The Rover chewed gravel as Grey pulled out of the driveway and bumped onto the road leading down past Briar Hall and into Thorn Valley. The tension in the front seat enough to form a physical weight on my chest. Meanwhile, Rook picked something out of his teeth with a switchblade in the back, lounging over the entire bank of seats like we were headed to a fucking picnic instead of a meet with our would-be enemies.

Sometimes I envied him. His ease in high-tension situations. He’d always been more at home in chaos than in calm. It was immobility, idleness, that was his kryptonite. My jaw flexed as I thumbed a quick message to Dies.

Corvus: On our way.

His reply was immediate.

Diesel: ETA 12.

We’d hang back if we looked like we’d arrive before him, better to pull in all together. And since Diesel refused to ride with us, this was the best we had. Dies would park near the old warehouse, but not right at it. Just in case anyone fucked with the Rover. Having two getaway vehicles wasn’t the worst idea, but I didn’t like the idea of him riding alone.

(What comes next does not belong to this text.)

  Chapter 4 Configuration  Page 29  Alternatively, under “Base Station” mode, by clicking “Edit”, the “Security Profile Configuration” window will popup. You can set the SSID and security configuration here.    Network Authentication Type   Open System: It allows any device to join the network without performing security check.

I wished he’d at least brought Pinkie or Cash. Or, hell, both of them, but I could understand the reason he didn’t, too. Diesel had control over his men, but vengeance could sometimes outweigh sense when push came to shove. I couldn’t say I wouldn’t go absolutely fucking feral if anything happened to my brothers or Diesel. Heads would roll. And I wouldn’t be waiting to replace out for certain who was at fault and who wasn’t.

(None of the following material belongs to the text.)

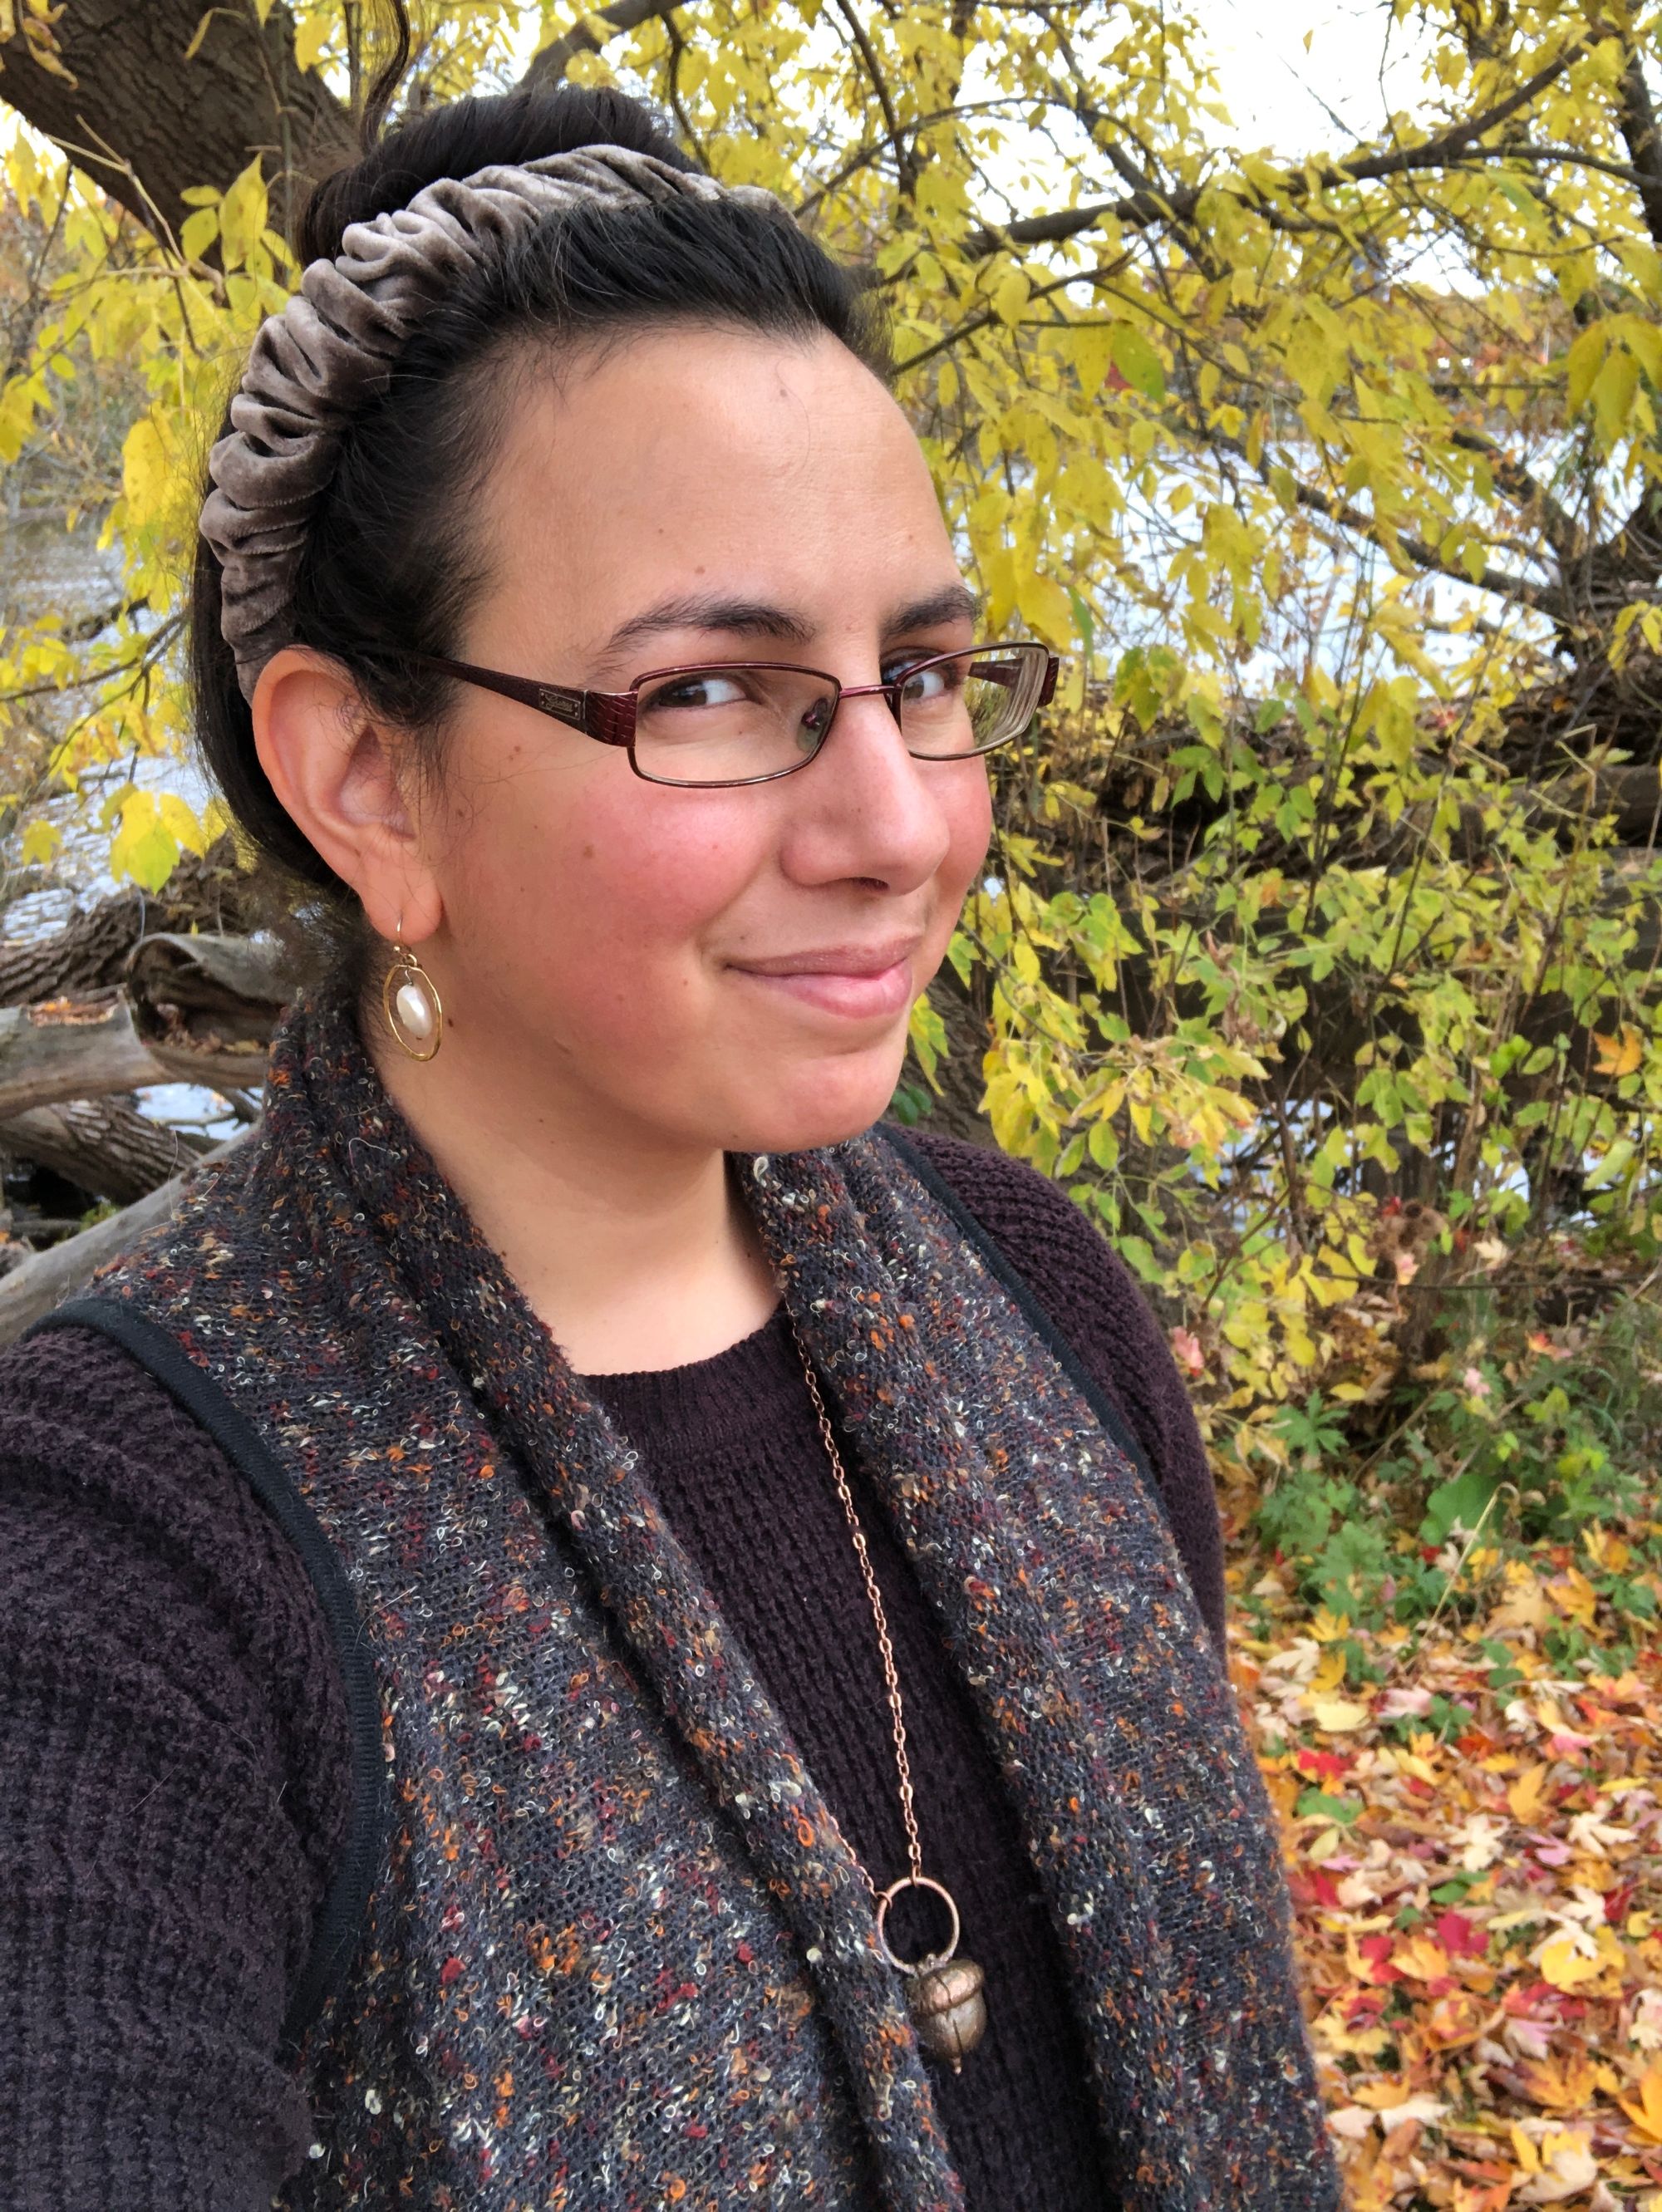 Selfie depicting me in a three quarter turn to camera, smiling with mouth closed, wearing rectangular glasses with a metal frame and my dark hair in a high bun. Behind me is a colourful mess of autumn leaf-fall on the ground and a yellow-green drapery of leaves on trees, beyond which is a river. My outfit's autumnal in texture and colour: a thick dark brown rib-knit sweater with a long sleeveless cardigan atop it, flecked with colours that pick up on the leaf-fall, and accessorized with the following jewelryL a long copper-coloured necklace that ends in a bronzed acorn; flat pearl earrings floating in a ring of gold; and a scrunched grey-brown velvet headband.

My back stiffened as the phantom scent of Ava Jade passed under my nose, my lips parting to taste it. I concealed a soft groan with a clearing of my throat as I shut my eyes, cock twitching in my jeans as last night’s encounter replayed in my mind. Fuck, she’d smelled so good. Fresh and soft like spring moss and sandalwood, but also sharp, like some kind of strong herb. A poison that lingered in my memory longer than anything else.

Damn.

I shook my head, trying to dislodge the ghost of her from my thoughts. I needed to focus.

“Five minutes,” Grey warned as we turned off Freemont Street and onto Clove Drive, leaving Thorn Valley.

I polished off the last of my coffee, setting the metal mug down with a thud back into the cupholder. Still, the scent of her lingered, distracting me. Like a stain left branded on the inside of my skull.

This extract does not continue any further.